> THE TASK
Any images in the material are to be dropped while every line is retyped exactly.
---- INFORMATION SUPPLIED
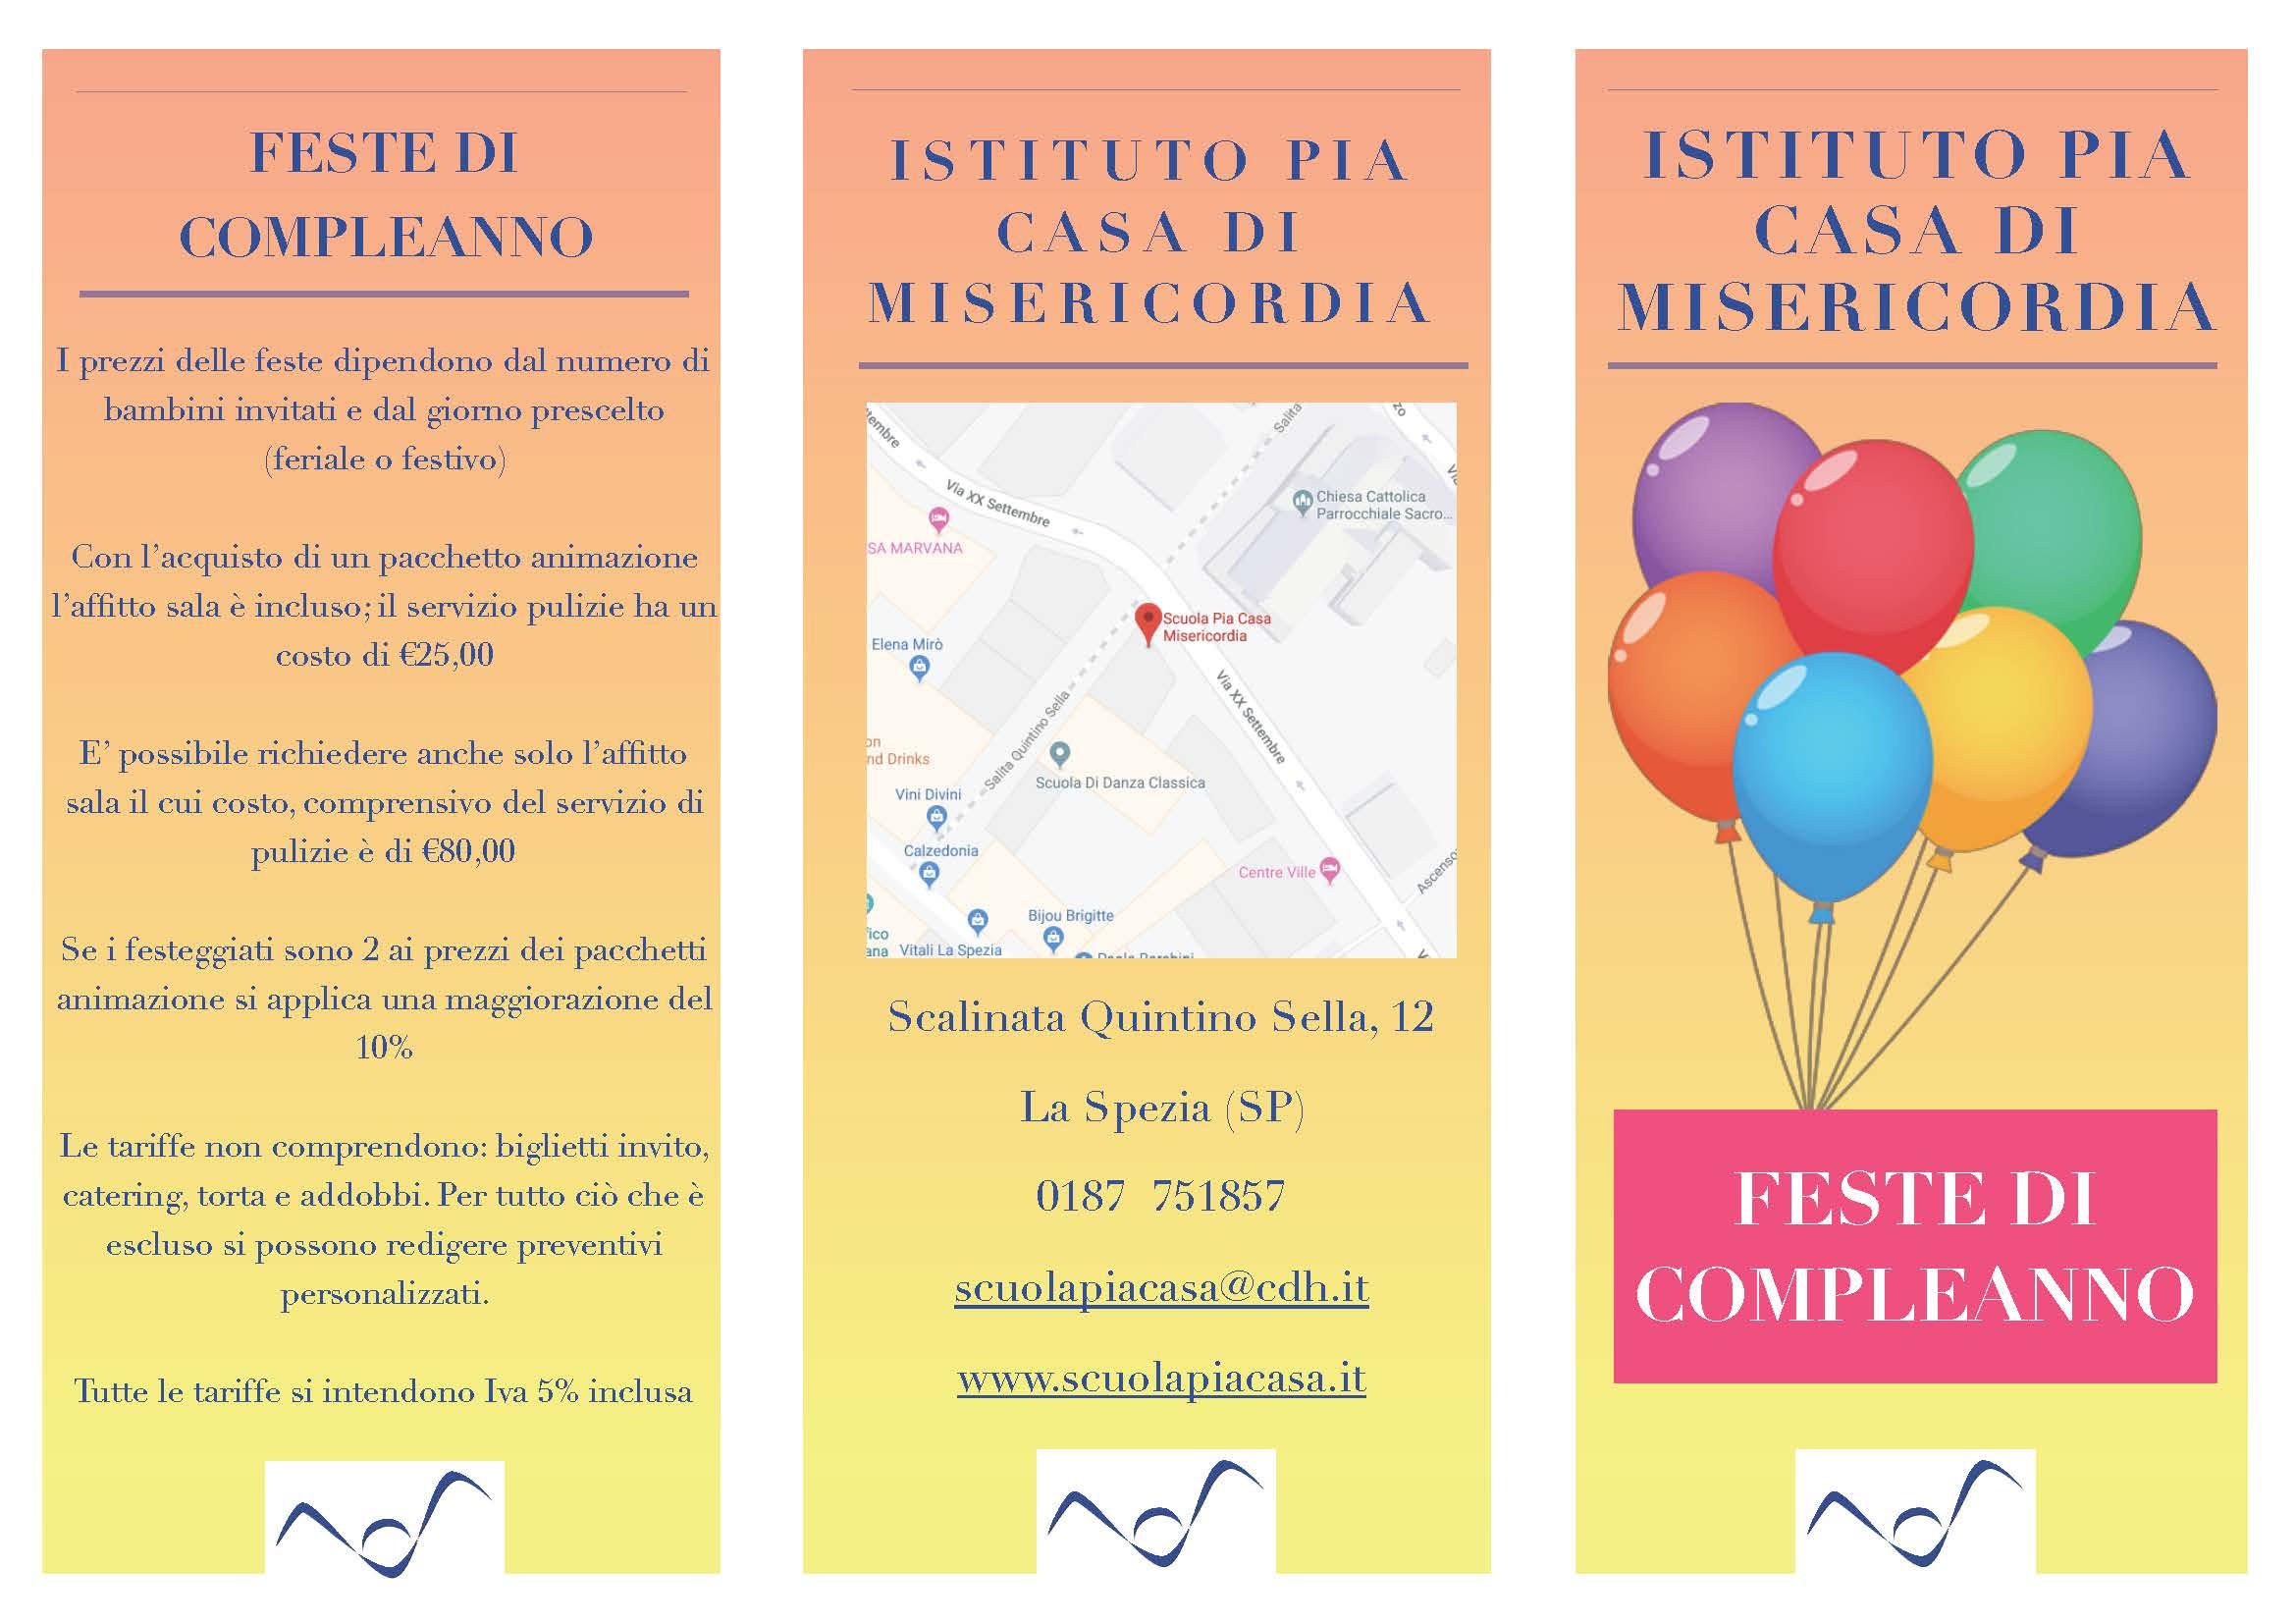 feste-di-compleanno_Pagina_1
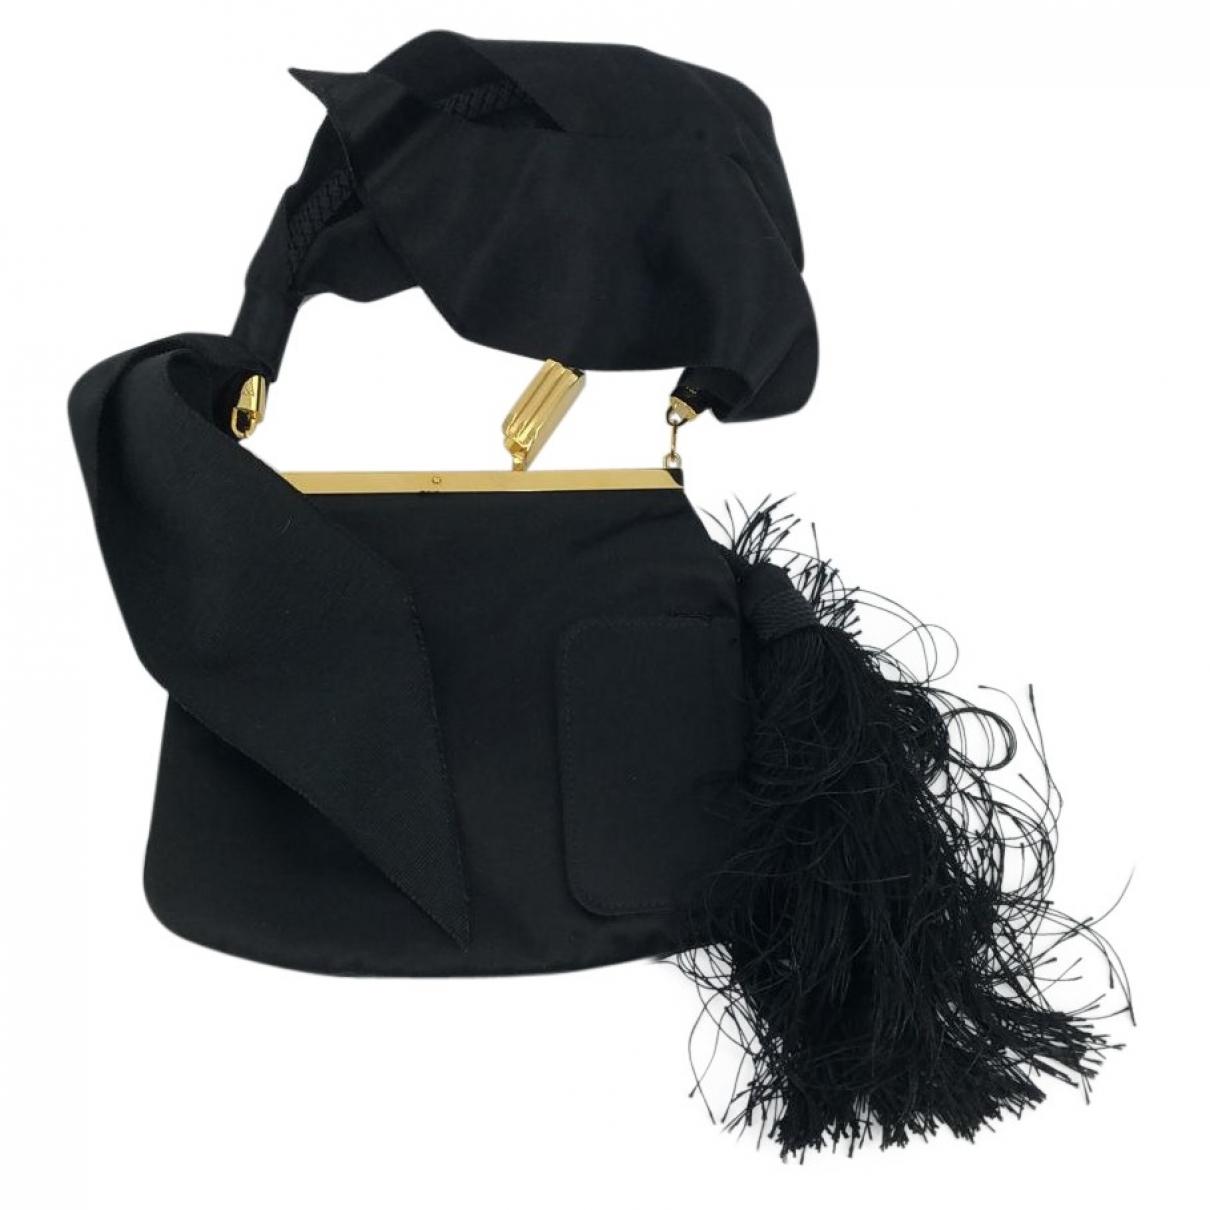 Bienen Davis \N Black Velvet handbag for Women \N
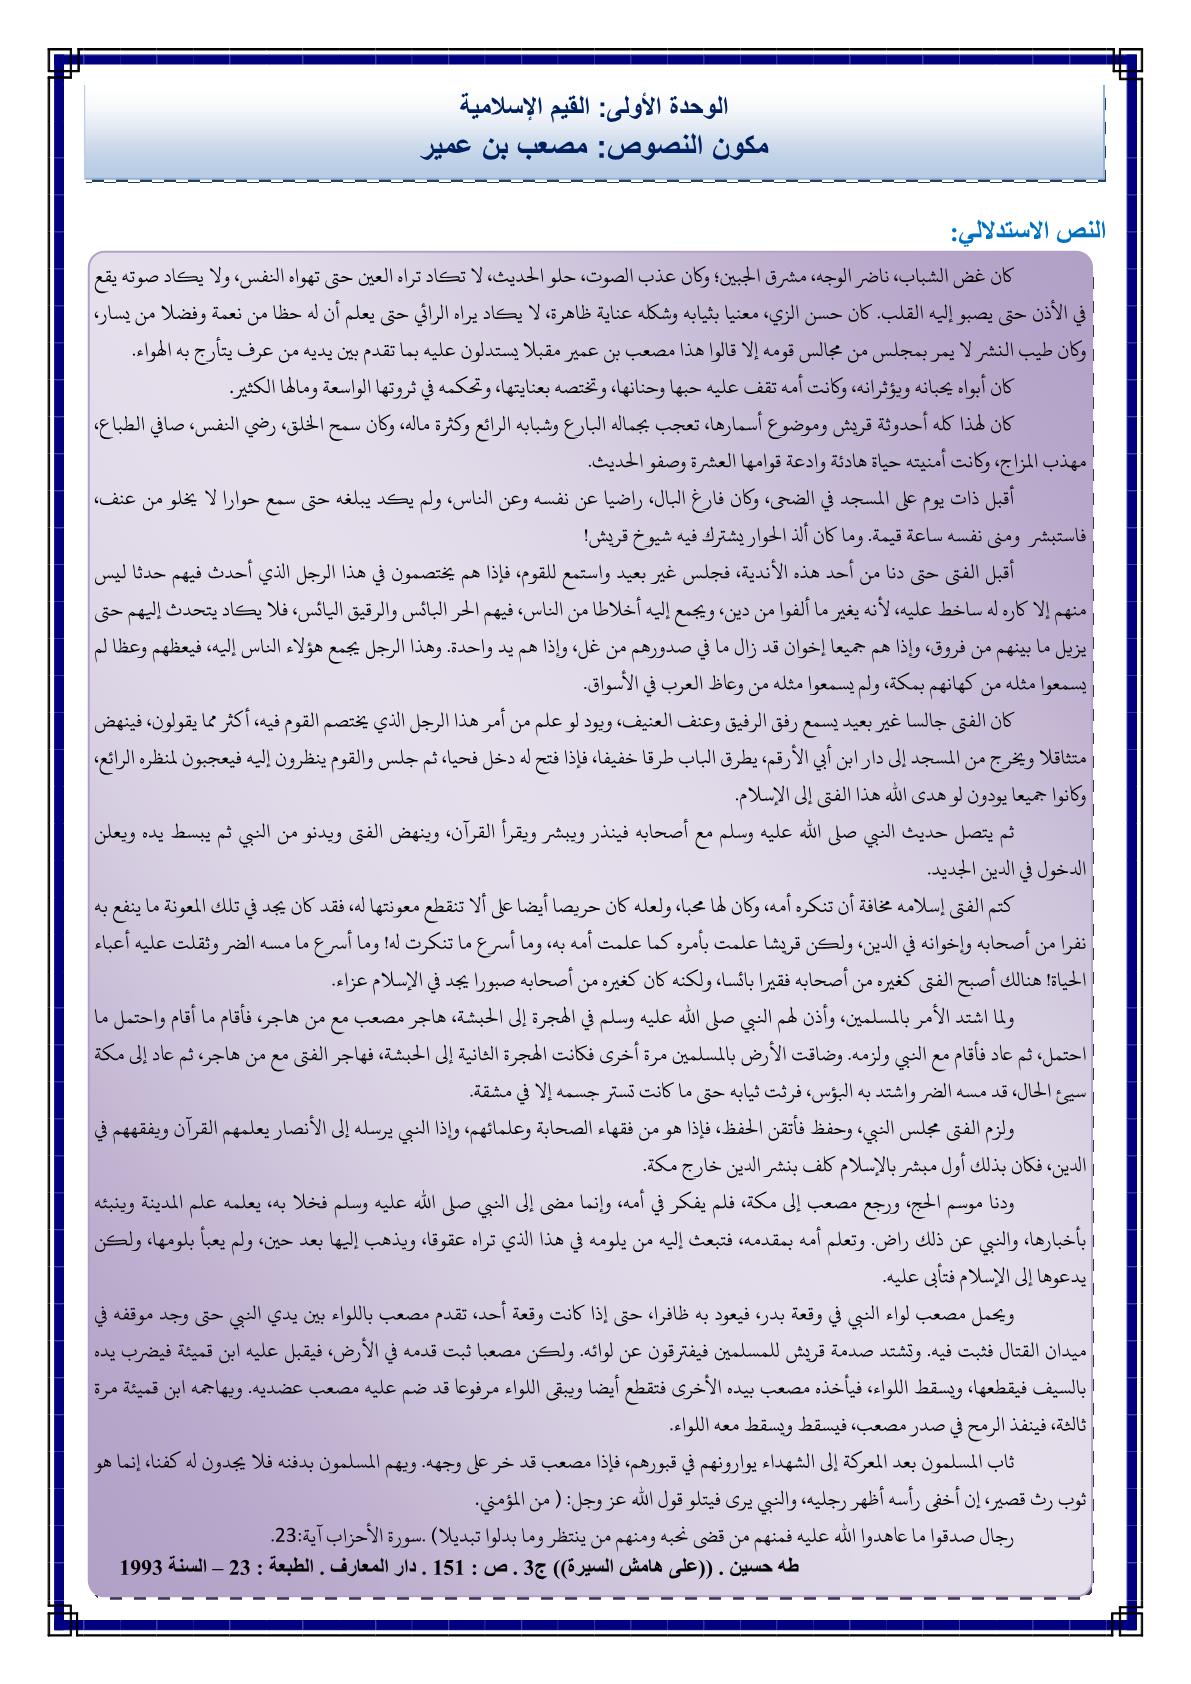 درس مصعب بن عمير مادة اللغة العربية للسنة الثانية اعدادي
--------
> RESPONSE TO THIS EXERCISE
 feste-di-compleanno_Pagina_1
 Bienen Davis \N Black Velvet handbag for Women \N
 درس مصعب بن عمير مادة اللغة العربية للسنة الثانية اعدادي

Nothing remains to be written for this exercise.